Наступила короткая, мучительная для обоих пауза.
— Куда же вы девались потом? — спросила Марья Николаевна, с усилием отгоняя мысль о недостойном поведении Давыдова.
— Целый месяц я бродил с места на место и, попав, наконец, в Кишинев, решил переправиться через Прут, чтобы навсегда оставить отечество. И хотя оно было для нас не матерью, а жестокой мачехой, все же расставание с ним было тягостно. Подойдя к реке, я обернулся в последний раз, и всей миг в покрывающем дали утреннем тумане, как мираж в пустыне, всплыли воспоминания о тяжелой участи товарищей, обремененных цепями и брошенных в тюрьмы.

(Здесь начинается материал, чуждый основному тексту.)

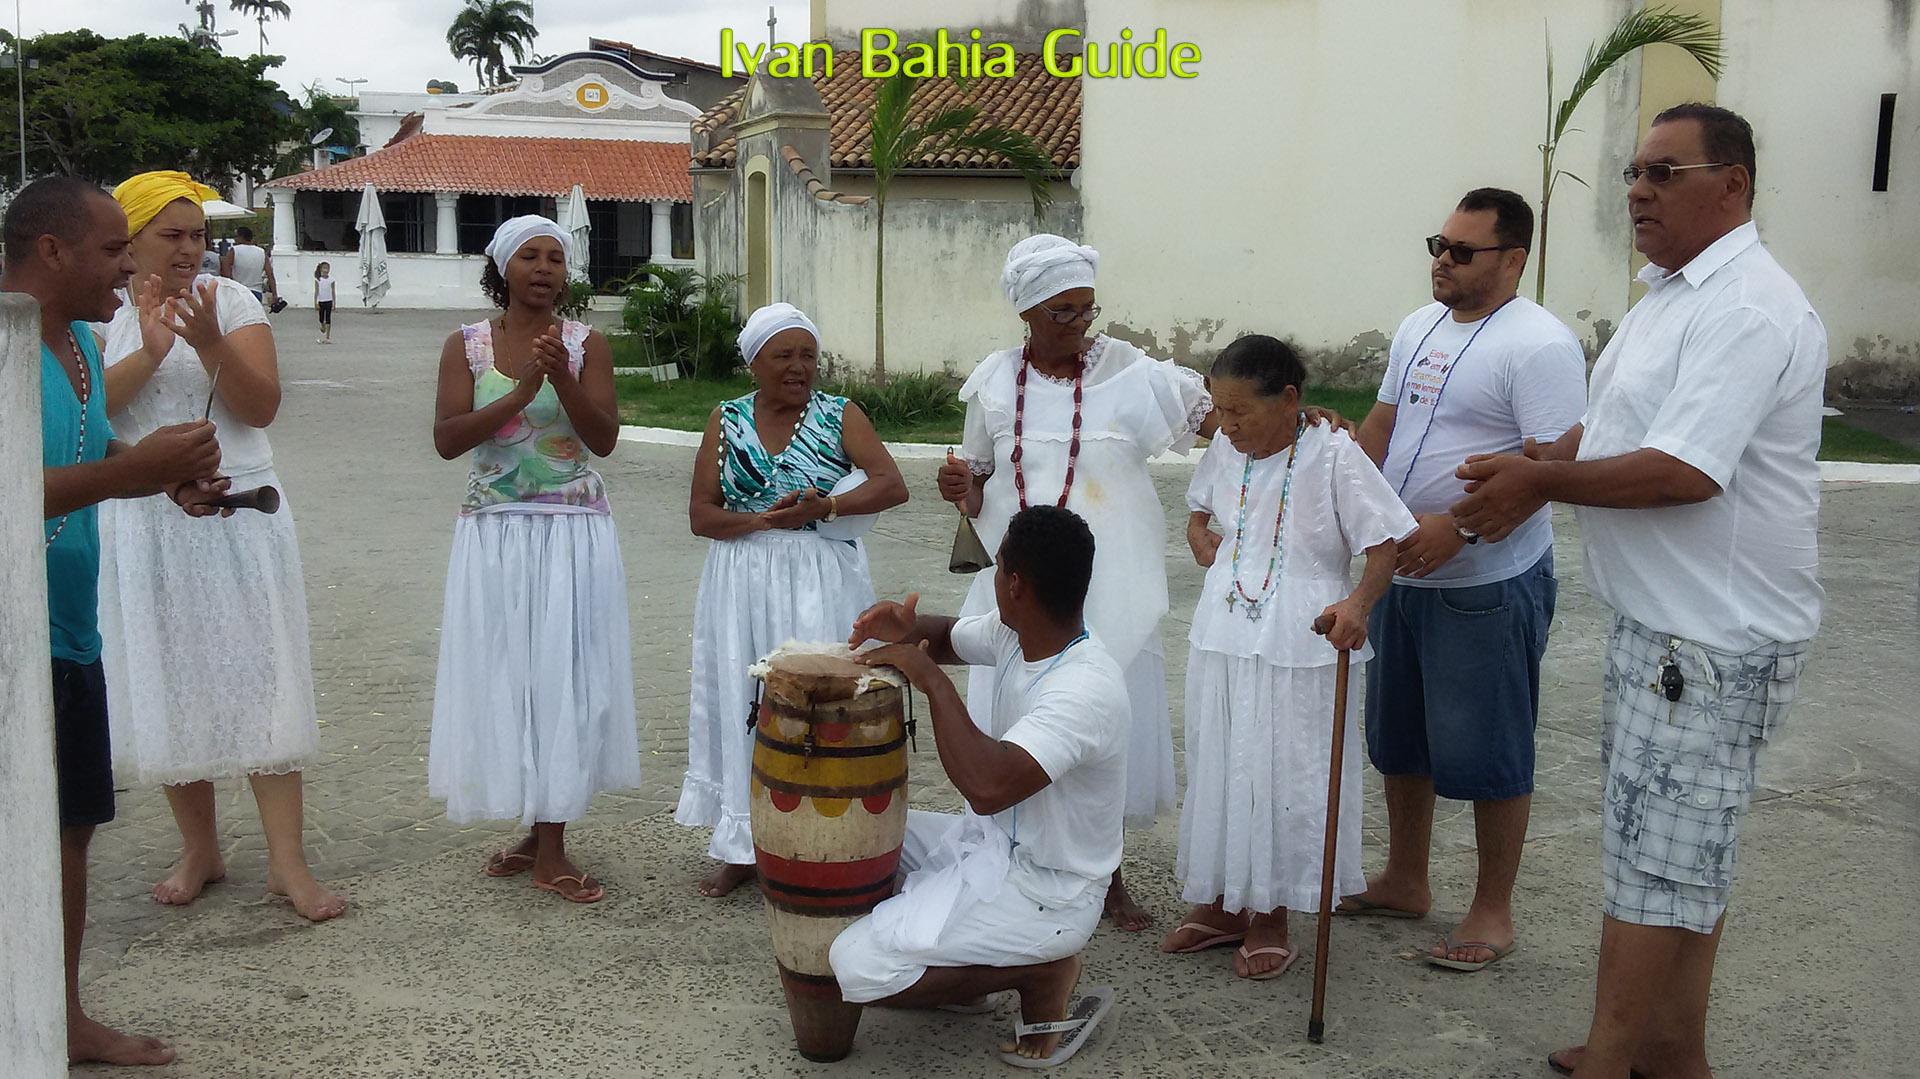 Candomblé offering to the goddess Yemanja in Monte Serrat - with Ivan's Salvador da Bahia & Chapada Diamantiana national park's official tour guide

Сомнения охватили меня: будет ли мне сладостна свобода, когда мои друзья обречены влачить жизнь, как тяжелое ярмо? Я решил обдумать еще раз свое положение и вернулся в Кишинев. Потом еще несколько раз добирался я до берегов Прута. Его величаво-спокойные волны навевали на меня какое-то философическое примирение с судьбой. «Все течет», — сказал античный мудрец. И сам я, с усталой до изнеможения душой, решил отдаться волнам жизни. Я перестал хорониться и скоро был арестован, закован в железа и привезен сначала в Одессу к Воронцову…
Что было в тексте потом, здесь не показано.